The records:
━━━━━━━━━━━━━━━━

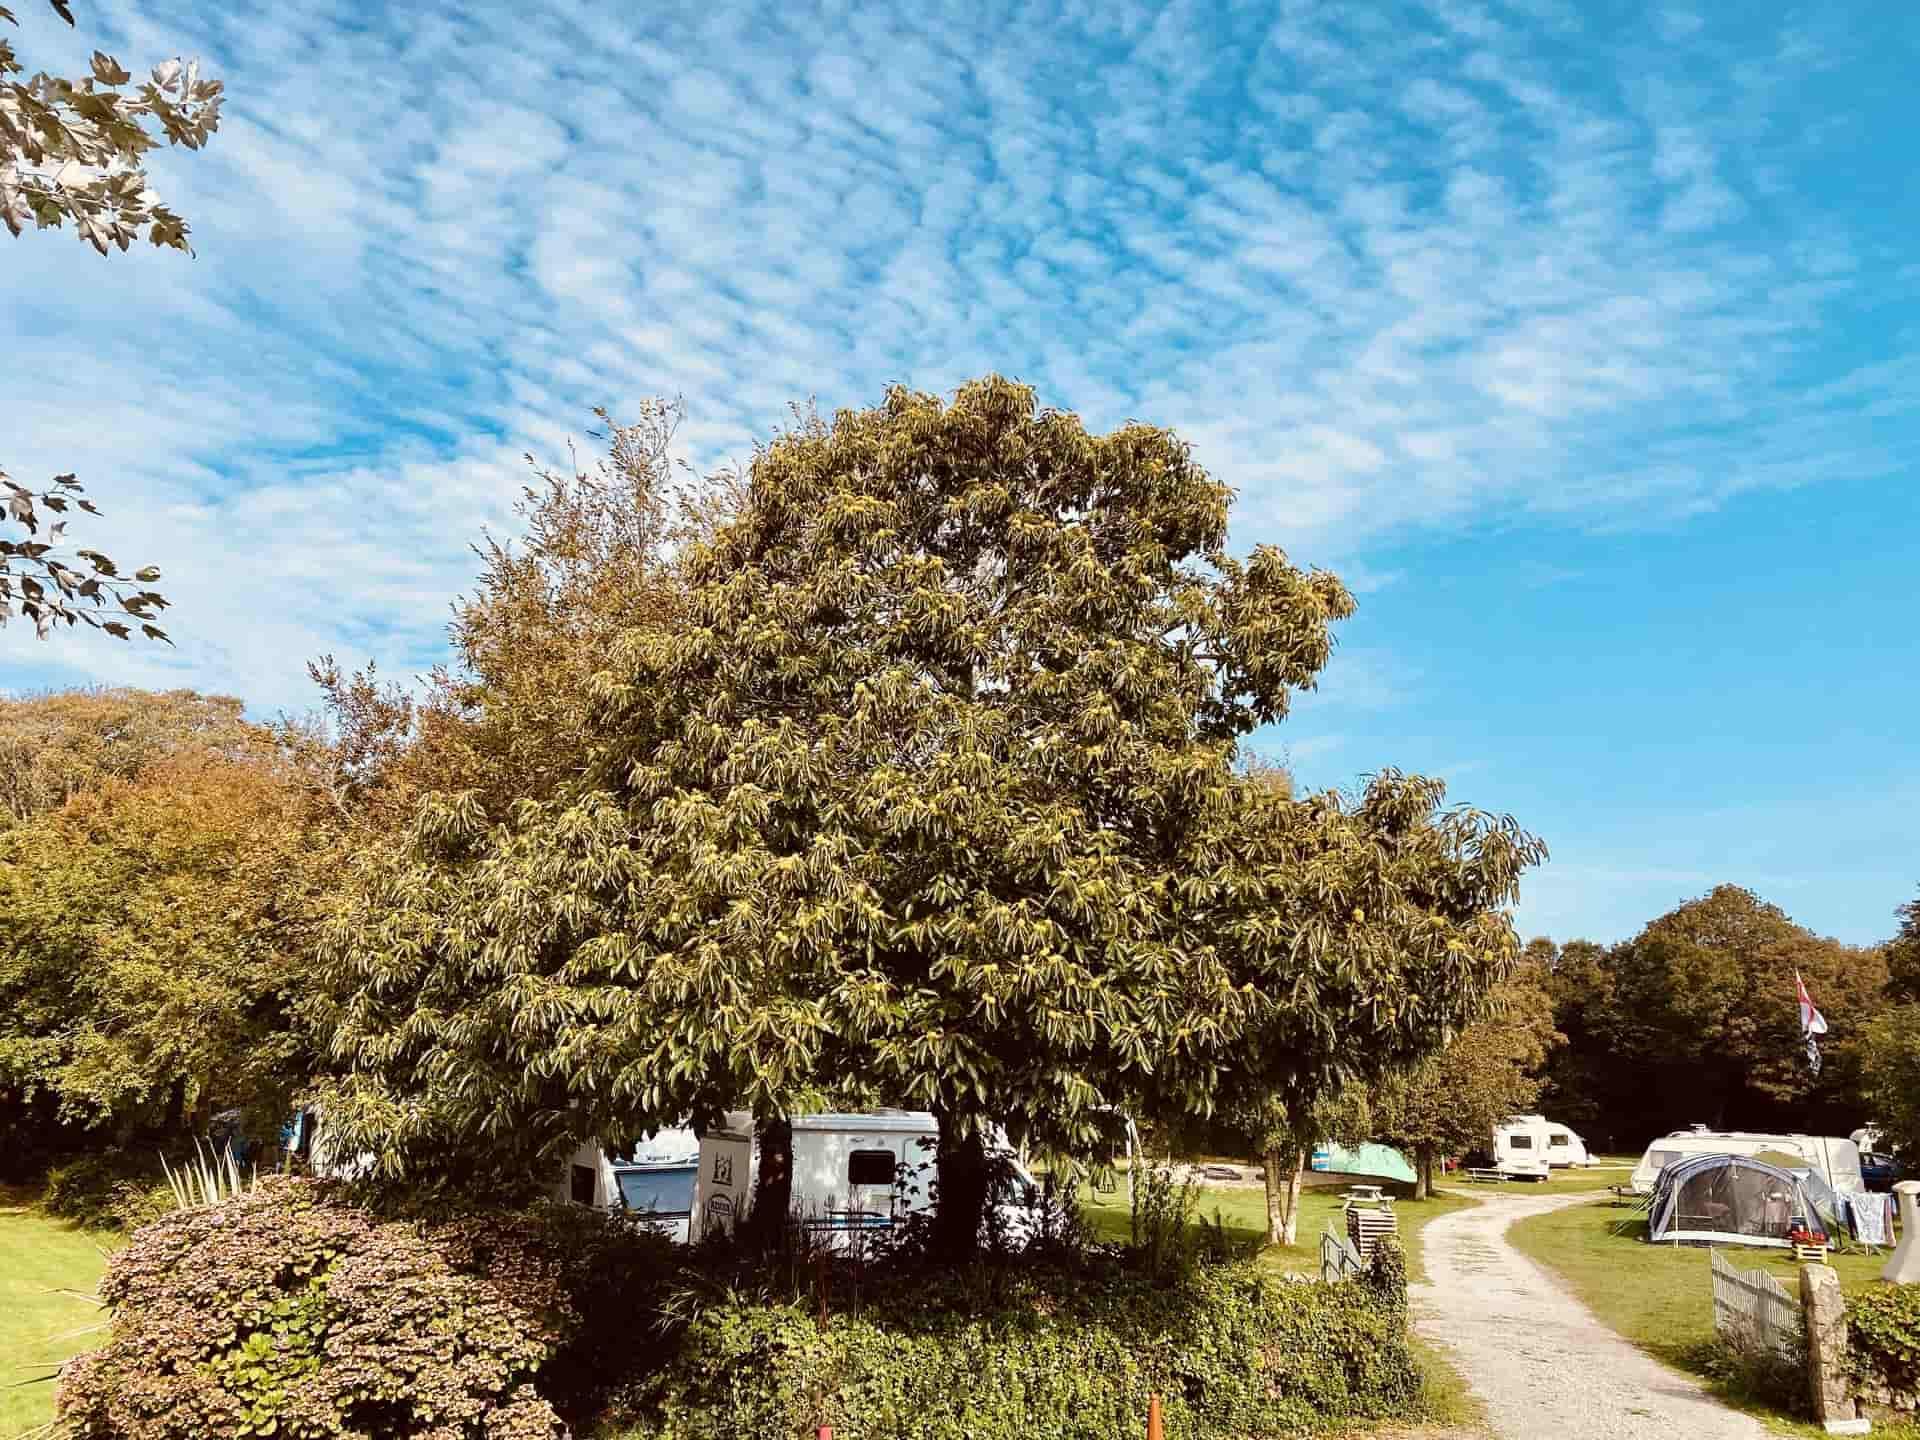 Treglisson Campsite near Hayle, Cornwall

━━━━━━━━━━━━━━━━

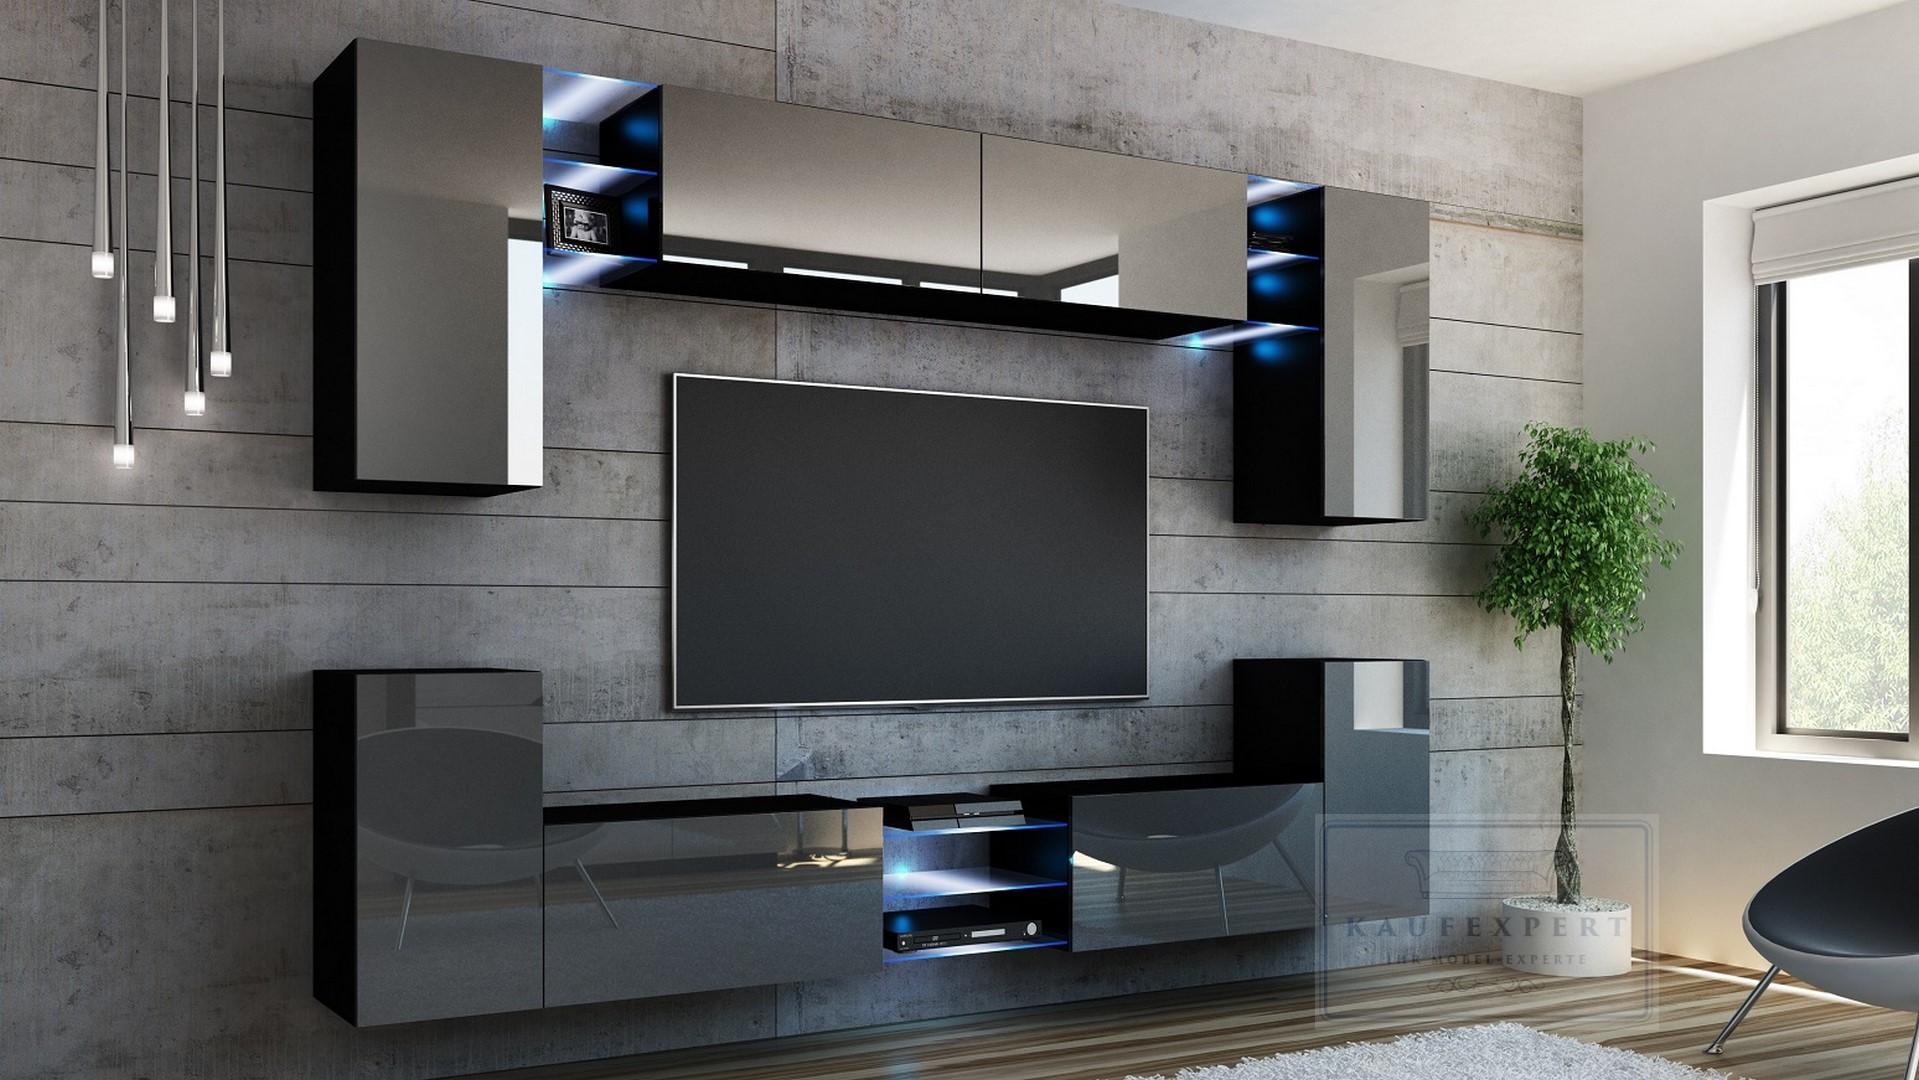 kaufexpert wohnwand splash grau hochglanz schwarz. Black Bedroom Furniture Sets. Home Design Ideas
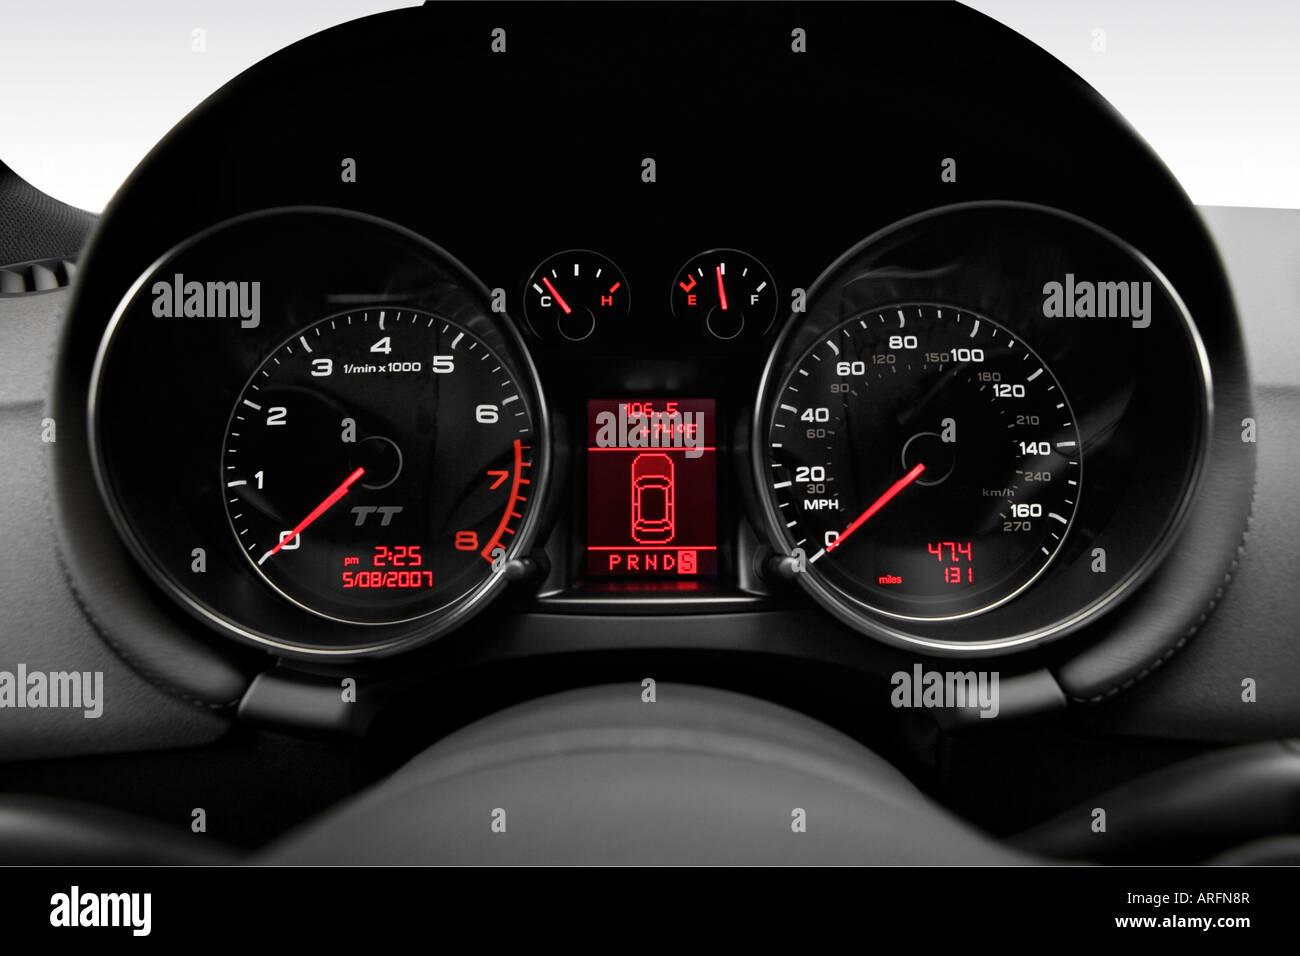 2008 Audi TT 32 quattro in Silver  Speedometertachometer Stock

━━━━━━━━━━━━━━━━

Work request: Going by the entries above, repeat exactly the lines that start at the line with "kaufexpert wohnwand splash" and go on through the line with "2008 Audi TT". Pictures are not part of the copy.

Answer to the exercise:
 kaufexpert wohnwand splash grau hochglanz schwarz. Black Bedroom Furniture Sets. Home Design Ideas
 2008 Audi TT 32 quattro in Silver  Speedometertachometer Stock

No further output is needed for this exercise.